Reflections were not going to be the order of the day but they would pop up again, for example at the Myers’ cabin at Muscatatuck.  It is part of a historical preservation.

We have had a lot of below freezing weather in recent weeks the temperature seldom getting as high as 30 degrees, but it got up into the 40s on Saturday, and snow was melting.
Most of the time I was using my 17 – 85 mm lens but since I had it along, I got out my 120 – 400 mm lens, a pretty hefty telephoto.  We were in the last part of the trip and we drove by a pond where Becky spotted an otter.  We stopped and I got this shot out the window of the car.

I find I do better with the camera when I am open to the moment.  One part of me says to go out there with a plan while another part says to stay loose, stay awake.  I do in fact go out with a plan now.  The plan is to know what the camera settings are (I’ve had several disasters when I thought, for example, the auto focus was on and it wasn’t) and keep the camera handy, ready to shoot.  Then go wondering.

Good grief, where have I been?

I’ve been so wrapped up in going out to shoot in this great weather that I haven’t been posting.  I hadn’t realized it had been ten days since my last entry.

For some odd reason I have come to prefer the cold weather.  Part of it has to do with the opportunities for photography and some of it feels a bit like revenge.  I grew up in southwestern Pennsylvania and for many years our driveway was two ruts going up the side of a steep hill.  The driveway was long and we shoveled the snow by hand, not a lot of fun.  Now the driveway in Indianapolis is flat (if rather long) and I clean it in the winter with a good snow blower.  There is great satisfaction seeing the snow in front being thrown off to the side leaving a clear path behind it.

There is a spareness to the winter that I find particularly appealing.  Plants, or their remains, which would have gone unnoticed in the crowd of other plants in the summer, now stand by themselves, stripped of that which we call life but nonetheless still beautiful.

If all we see is the dead and withered stems from last year, we also know that there is a root that is awaiting its opportunity to put forth more bounty.  It won’t be long now.

In the meantime, there is winter and its particular beauty.

Dress warmly and go enjoy it.

The sun came out

I wasn’t sure we would have much sun today and when the clouds disappeared it was clear that it would be a good day to go make some photographs.  It was ‘gloomy’ yesterday but that was also a good day for making photographs.  Today was also a good day for sledding.

I grinned as I tromped through the snow to get to a favorite place for shooting – the only tracks in this patch of snow beside mine belonged to a dog who had come through earlier.   Or maybe it was a coyote.  No humans though.  With a near virgin snow, and it being very quiet,  it is easy to think that this moment is the beginning of time, and according to one way of looking at it, I suppose it is. 

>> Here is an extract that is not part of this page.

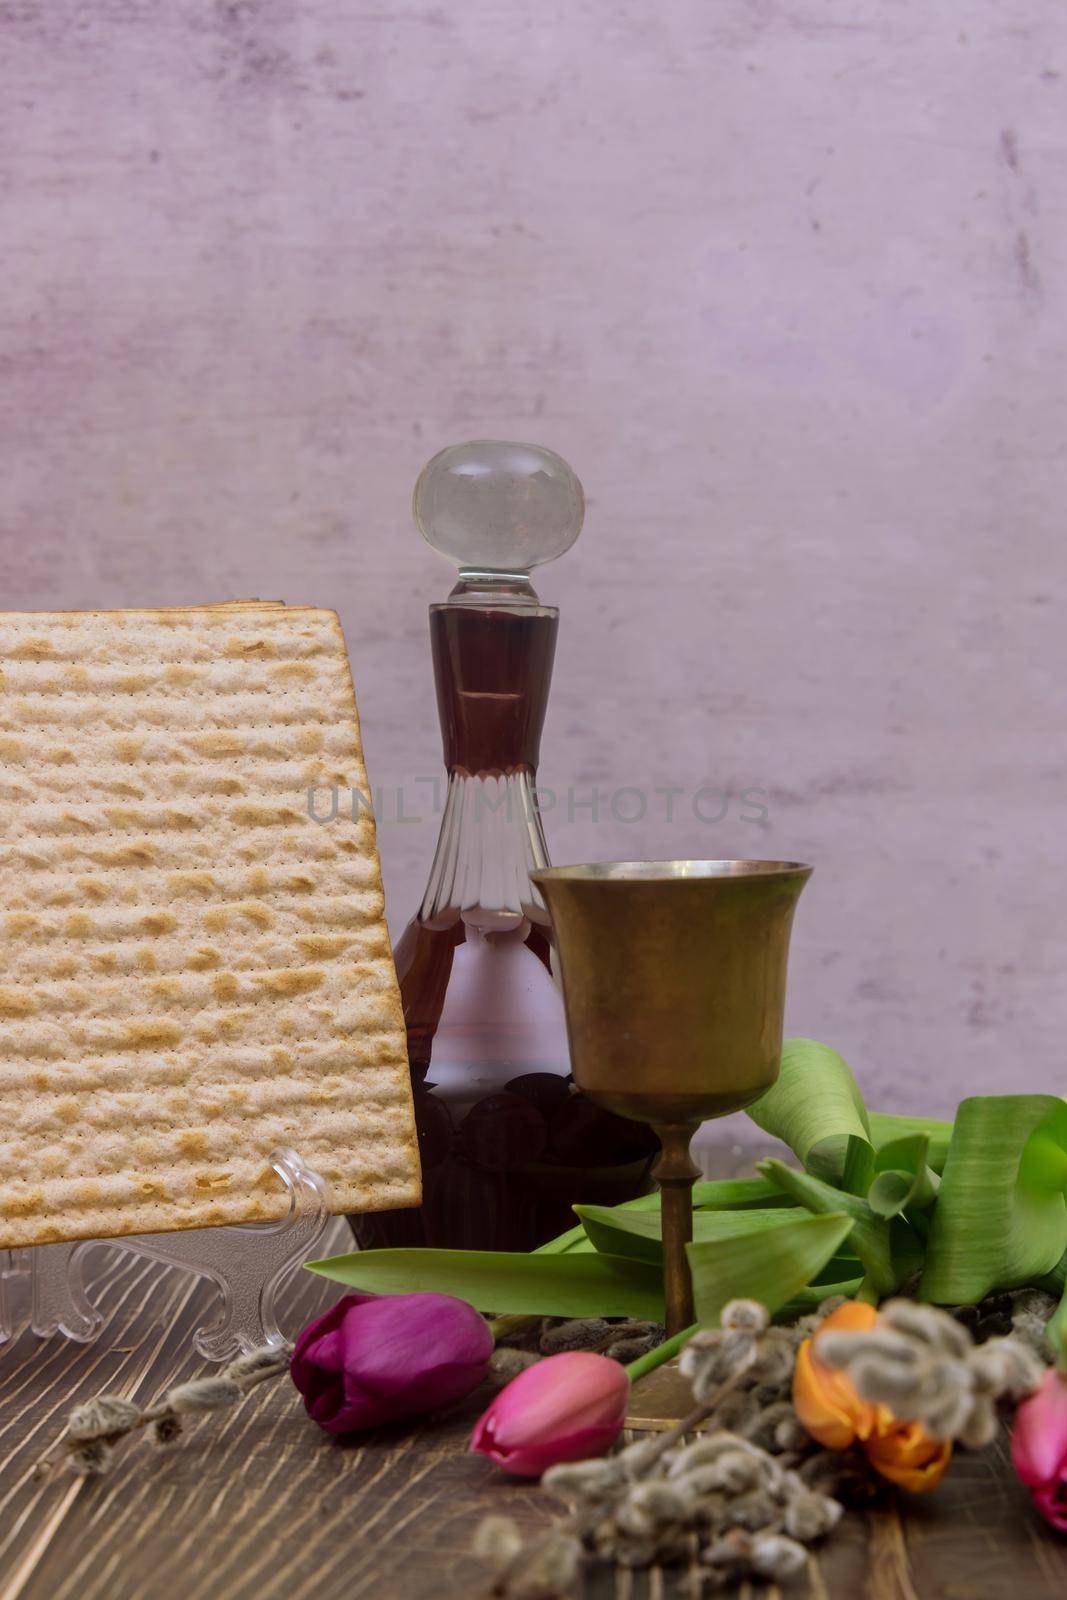 Jewish Passover holiday on matzah bread with kosher kiddush and flowers. by ungvar

A friend had a baby boy a few days ago and for that young fellow, all things are indeed  new.   This day is a celebration for him and his family.

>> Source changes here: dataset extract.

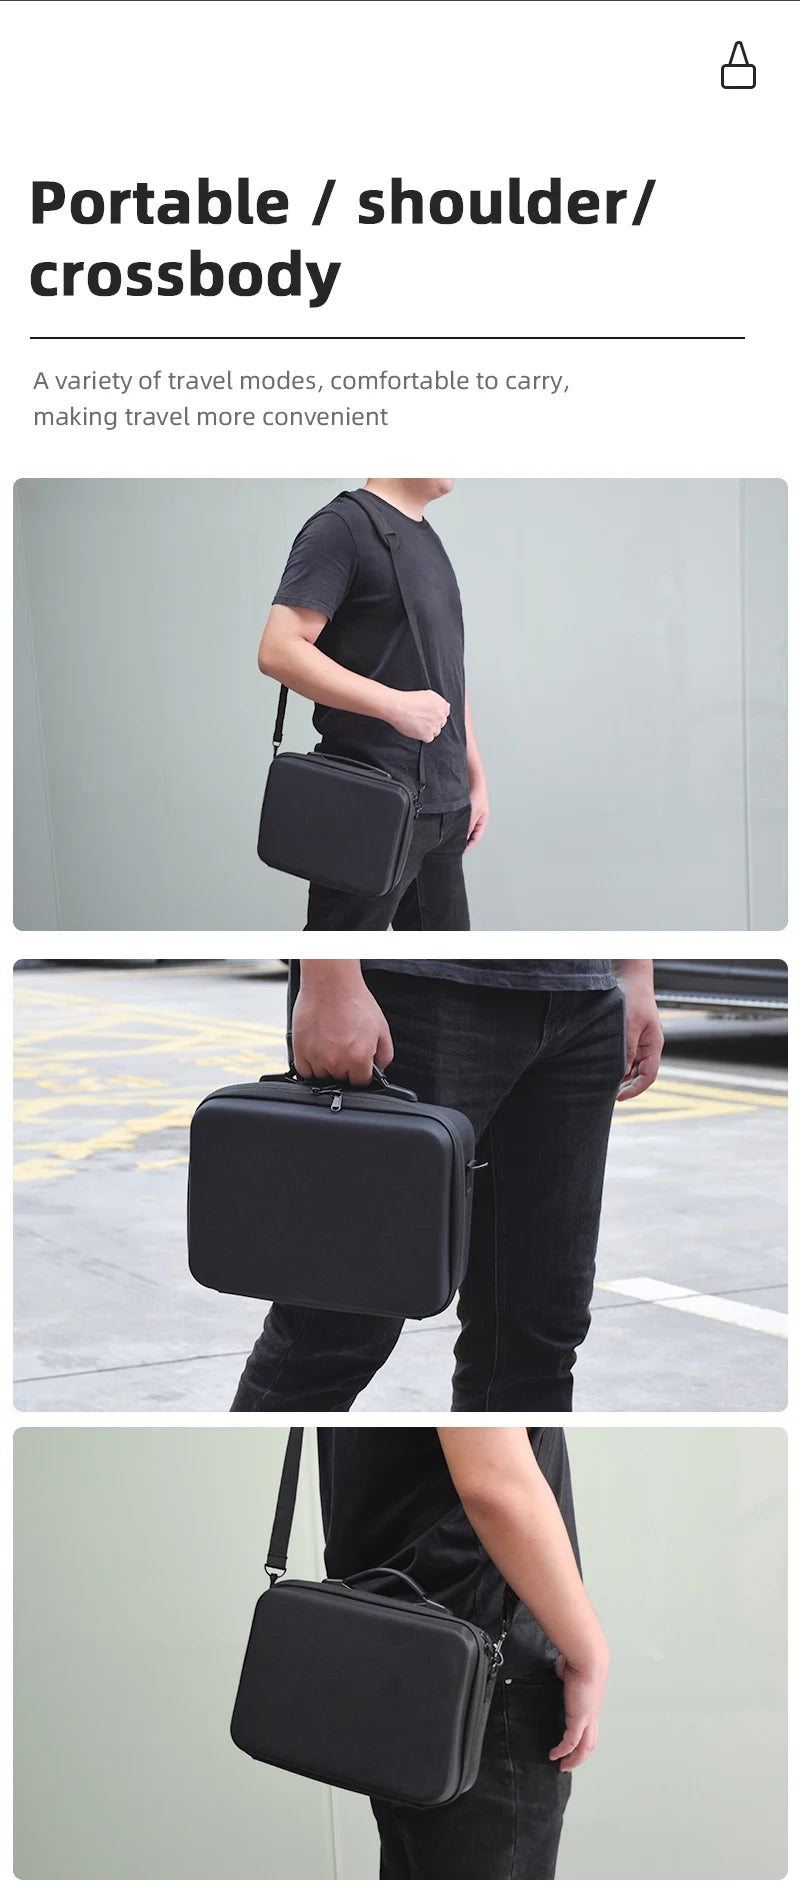 Storage Case Portable Suitcase For DJI Mini 3 Pro, portable / shoulder/ crossbody A variety of travel modes, making travel more convenient .

The day will come when he is sliding down that hillside.  Perhaps he will also see what I saw at Fall Creek.

Happy birthday, Roman.

It is never too late to have a happy childhood.  Tom Robbins

4 to 9 inches of snow predicted

It started snowing in the late morning and has continued throughout the day.  I don’t know how much we will get but the snow blower is gassed up and ready to go.  In the meantime I got an email from my friend Becky saying bad weather = good images.  Sometimes I’m glad Becky lives some distance away, otherwise she would be in my driveway blowing the horn.  I don’t know where she went, I did indeed go out but I stuck to our neighborhood. 

I started by removing the screen in my study window and shooting right there.  This worked pretty well but the view was a bit limited.

A walk down to the corner brought these leaves against the bark:

A little further on these trees showed against the sky:

I do like spring , summer and fall but there is something special about winter.

I just checked with Becky and, weather permitting,  we are going out shooting in the morning.